India could also consider making more meaningful national treatment commitments. As noted, these are mostly entered as unbound across all modes, excepting mode 3 for some financial services. These commitments could be made binding subject to regulatory requirements such as capital adequacy, solvency margins, authorization and registration norms, and tax and subsidy treatment. The national treatment commitments should reflect the extensive regulatory and institutional reforms that have occurred in India’s financial services sector, thus laying down the conditions for ensuring financial stability rather than signaling the absence of predictable policies and guidelines for operating in this sector.
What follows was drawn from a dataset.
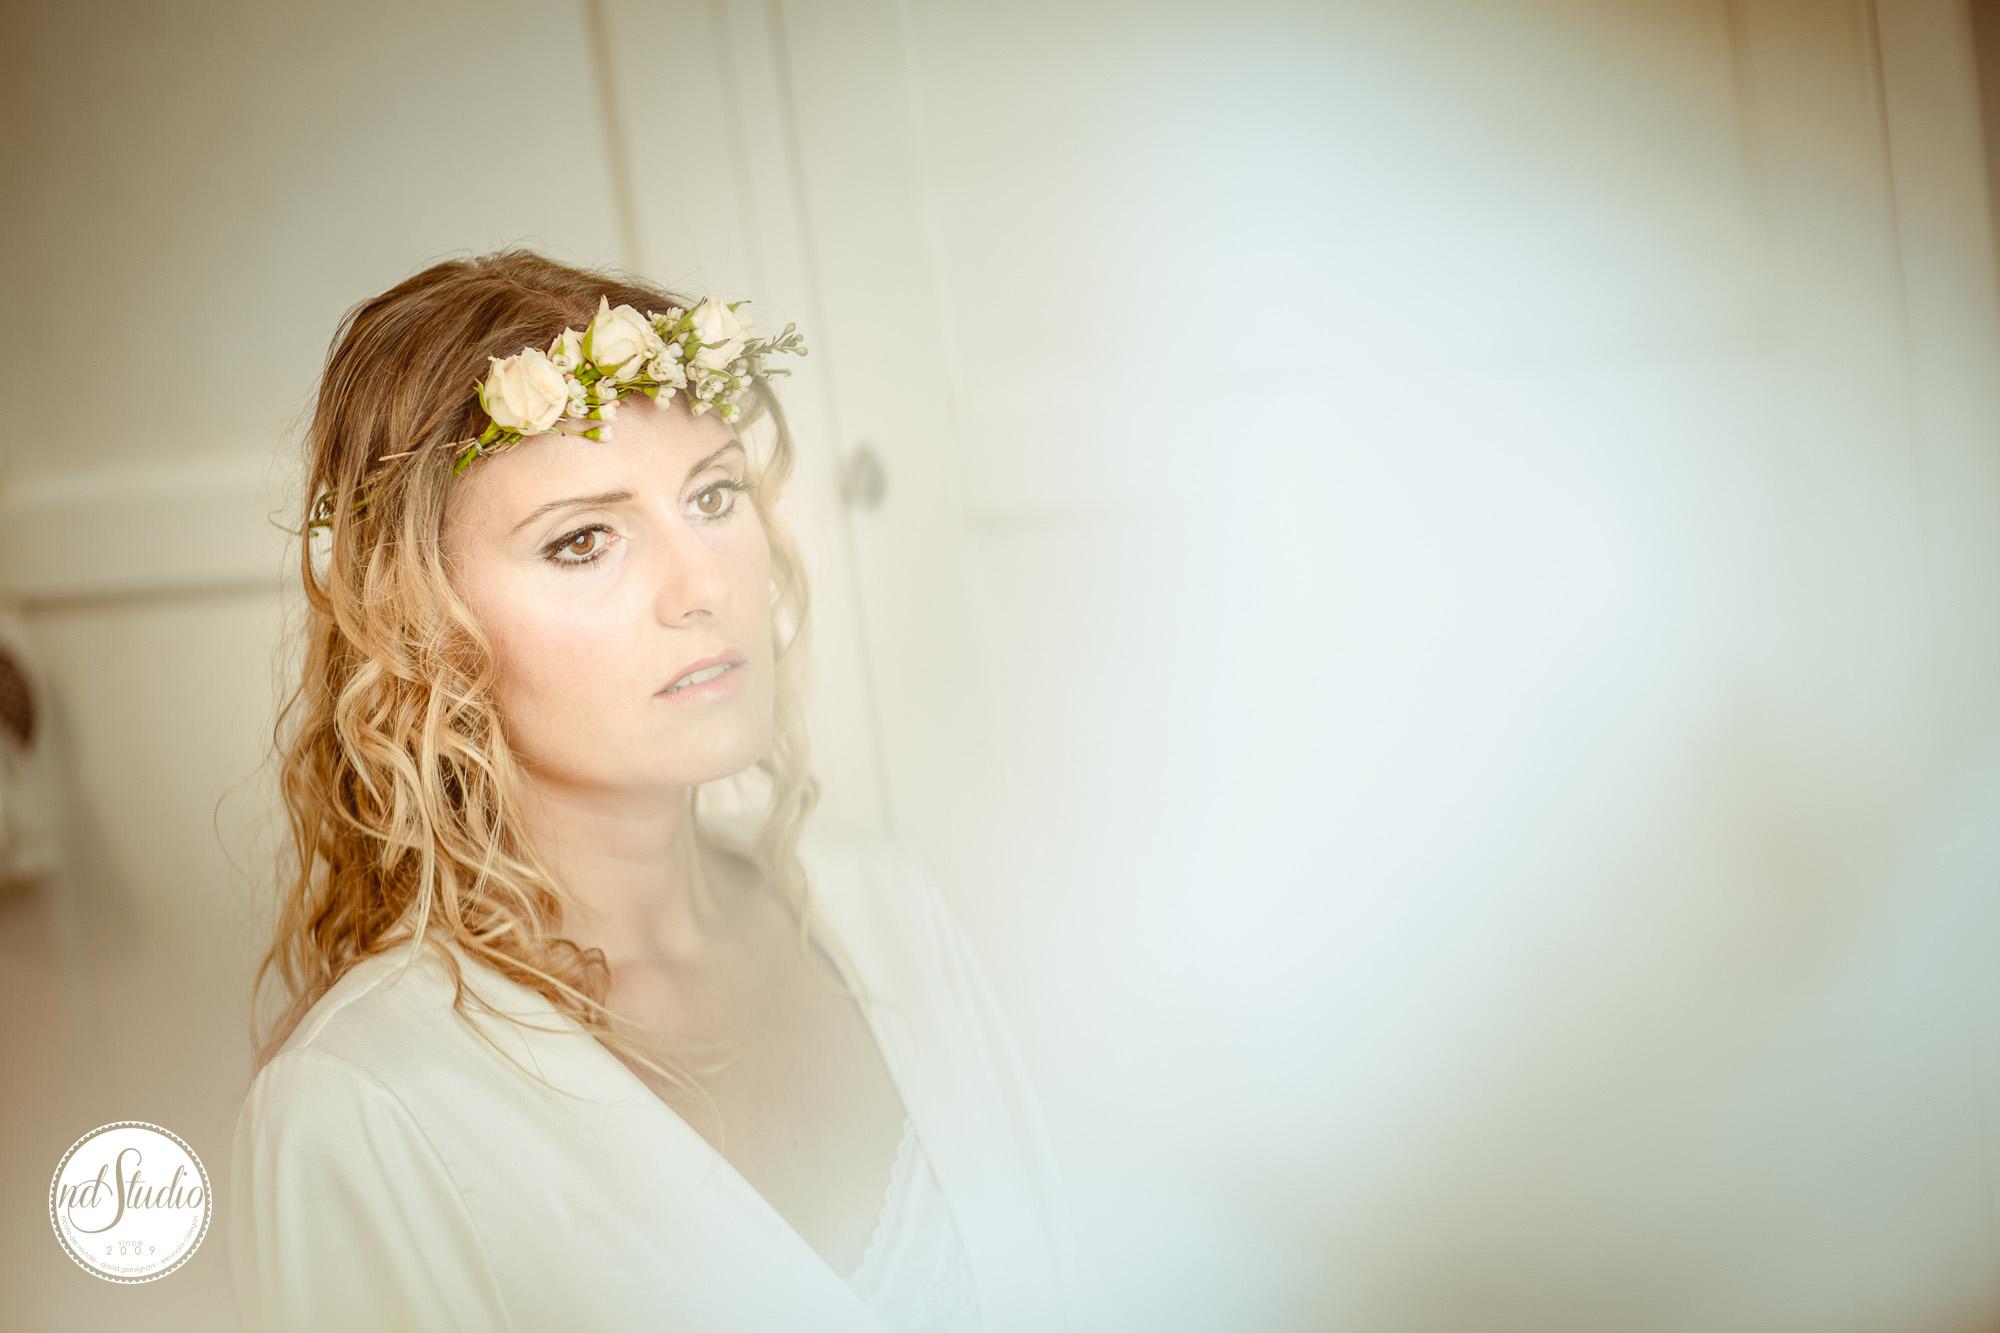 Matrimonio Country Chic Hair : Michele e alessandra matrimonio country chic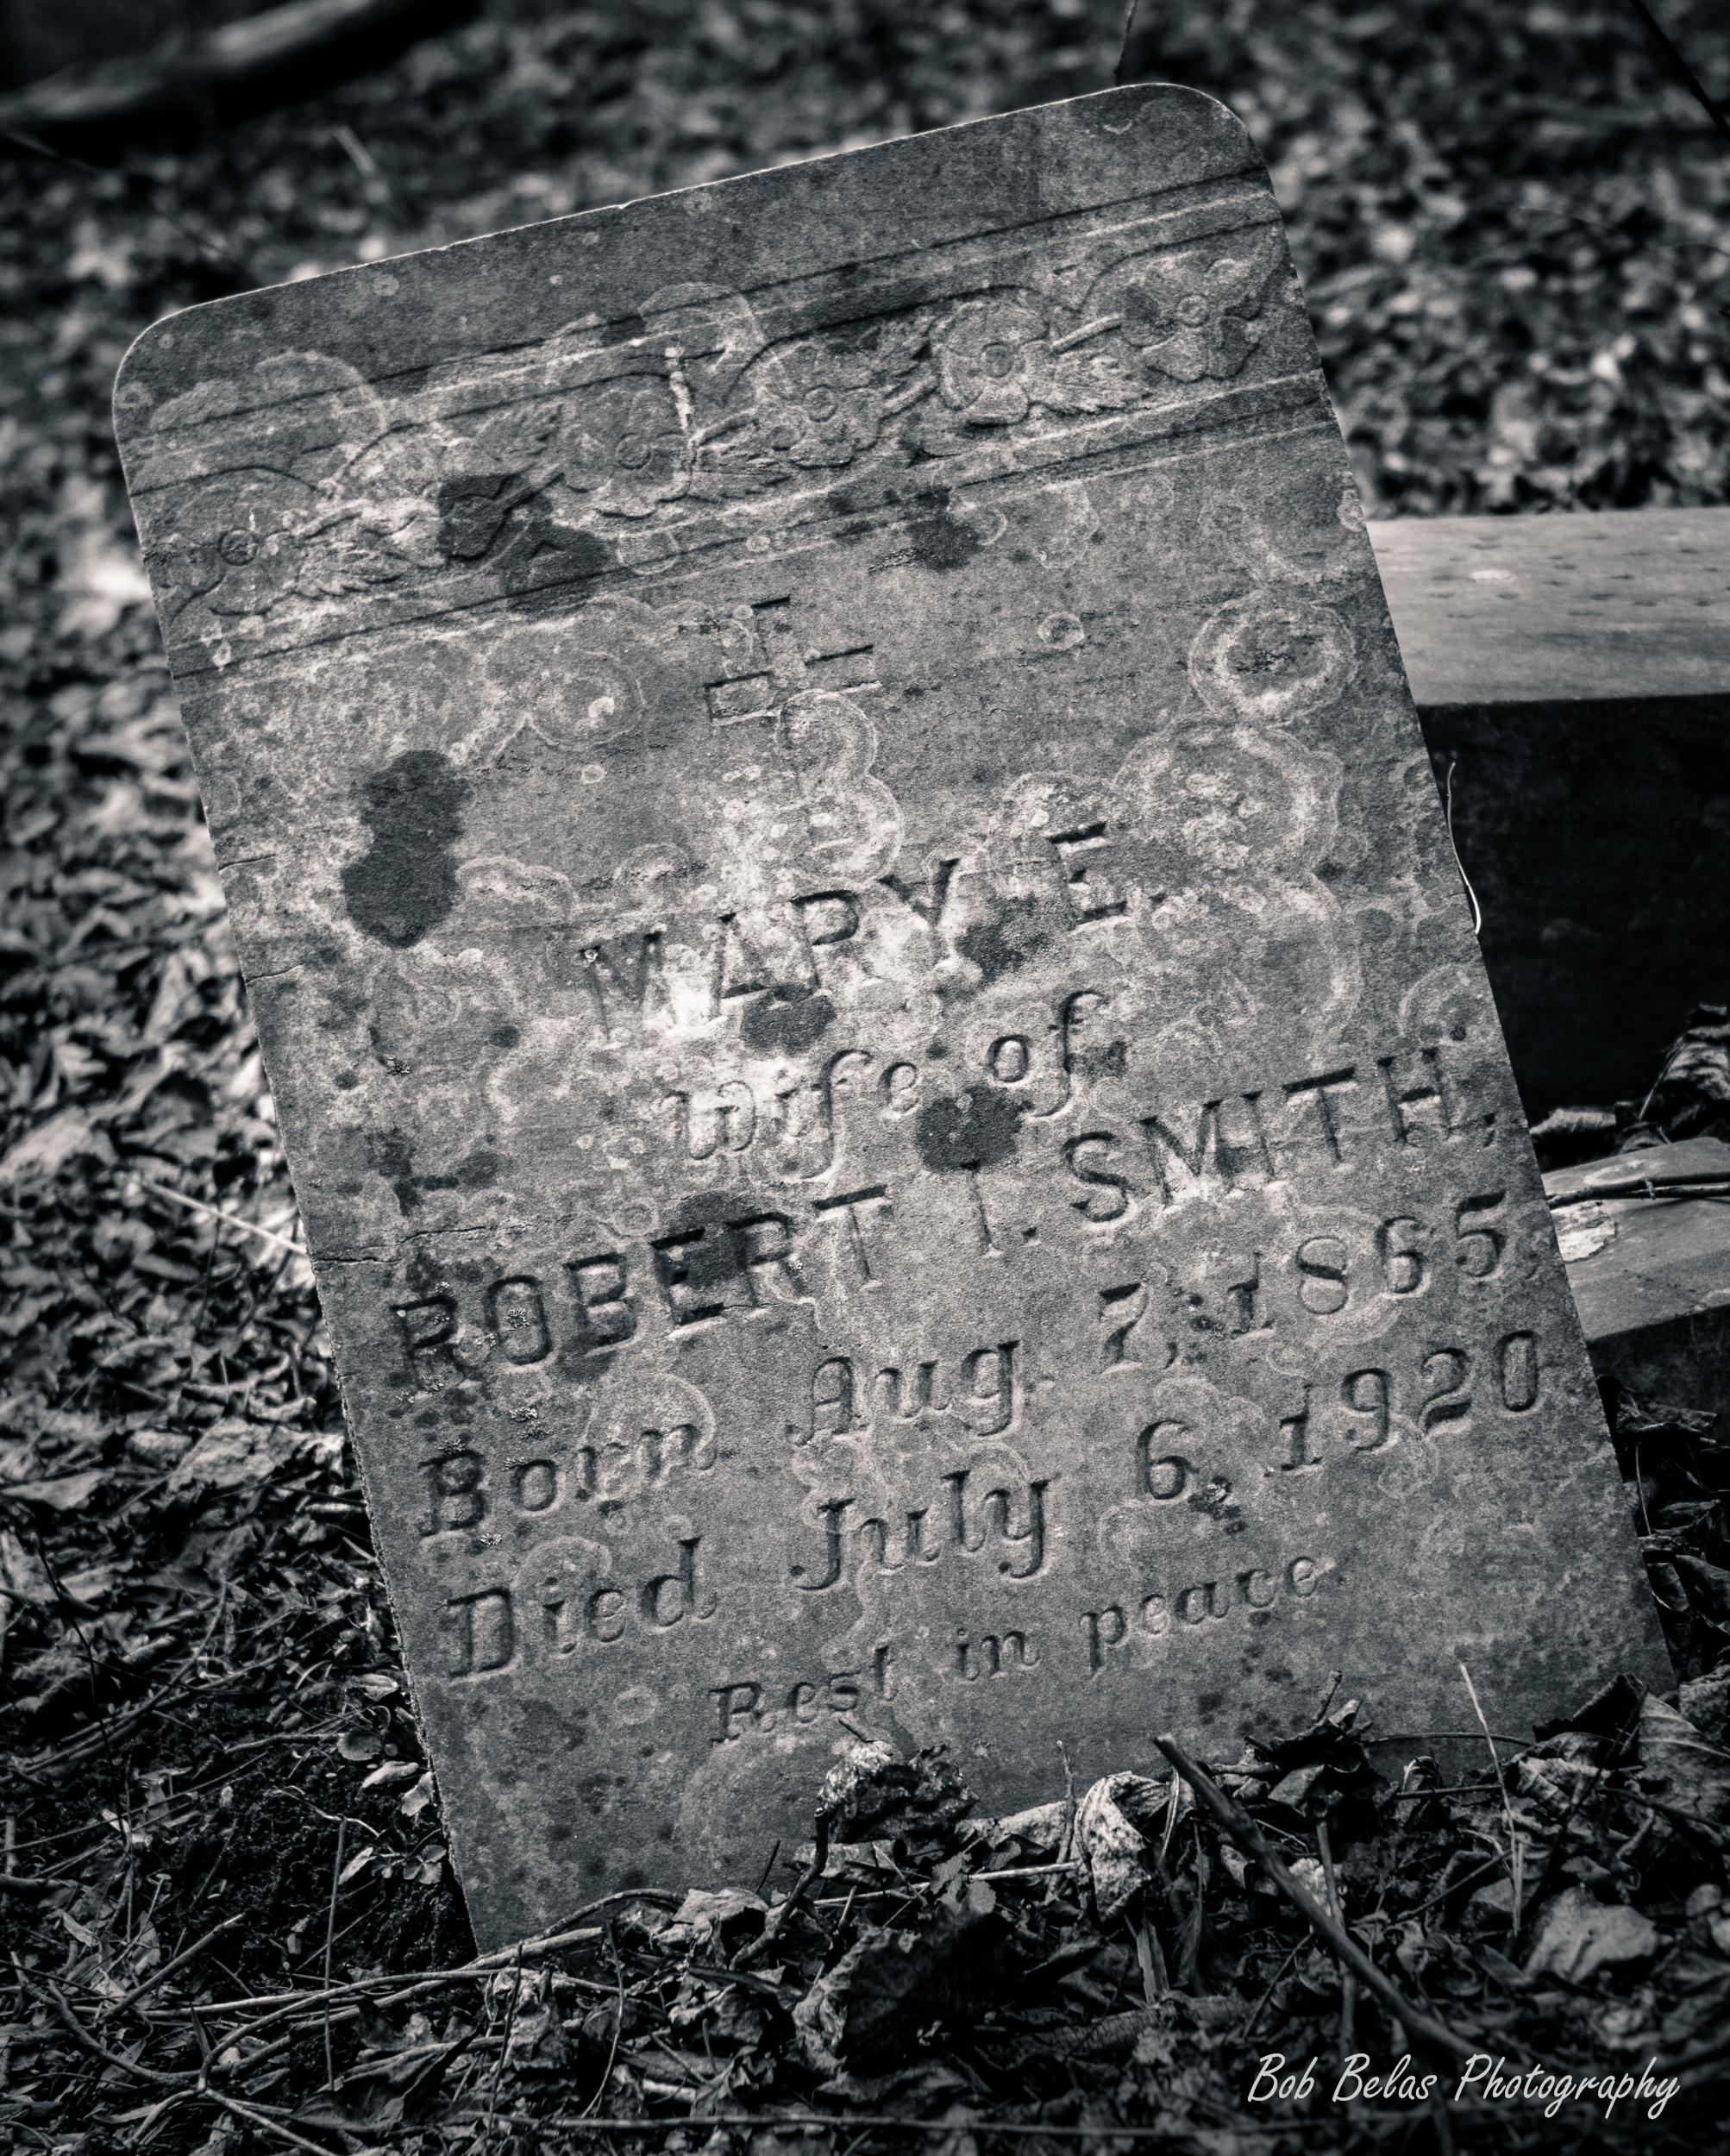 Mary Smith's Grave, monochrome

Although India’s negotiating strategy in financial services has to be primarily inward looking in terms of improving upon its own commitments, some focus on potential areas and modes of export interest may be warranted in future negotiations. For example, India could seek market access under mode 1 for services like financial data processing, back office financial operations, share transfers, and processing of insurance claims, where it has export prospects. India’s export interests in the provision of such Business Process Outsourcing (BPO) services through mode 1 should be sought in the larger context of its mode 1 negotiating strategy. Likewise, India could also negotiate the removal of barriers in specific markets, which it is interested in entering, such as in the SAARC countries and South East Asia. Barriers
in the form of unduly restrictive capital adequacy norms and high solvency margins, or restrictions on staffing of overseas operations, could be addressed through the negotiations. Another important segment where India has export prospects is in financial consultancy services, through modes 1 and 4, and the negotiations could be used to gain greater market access under these modes for this subsector. It is important to note, however, that it would be difficult for India to seek such liberalization unless it is willing to open up its own financial markets along similar lines. Thus, India’s ability to address its export interests through the GATS negotiations will in large part rest on its willingness to multilaterally bind more liberal conditions in its own market.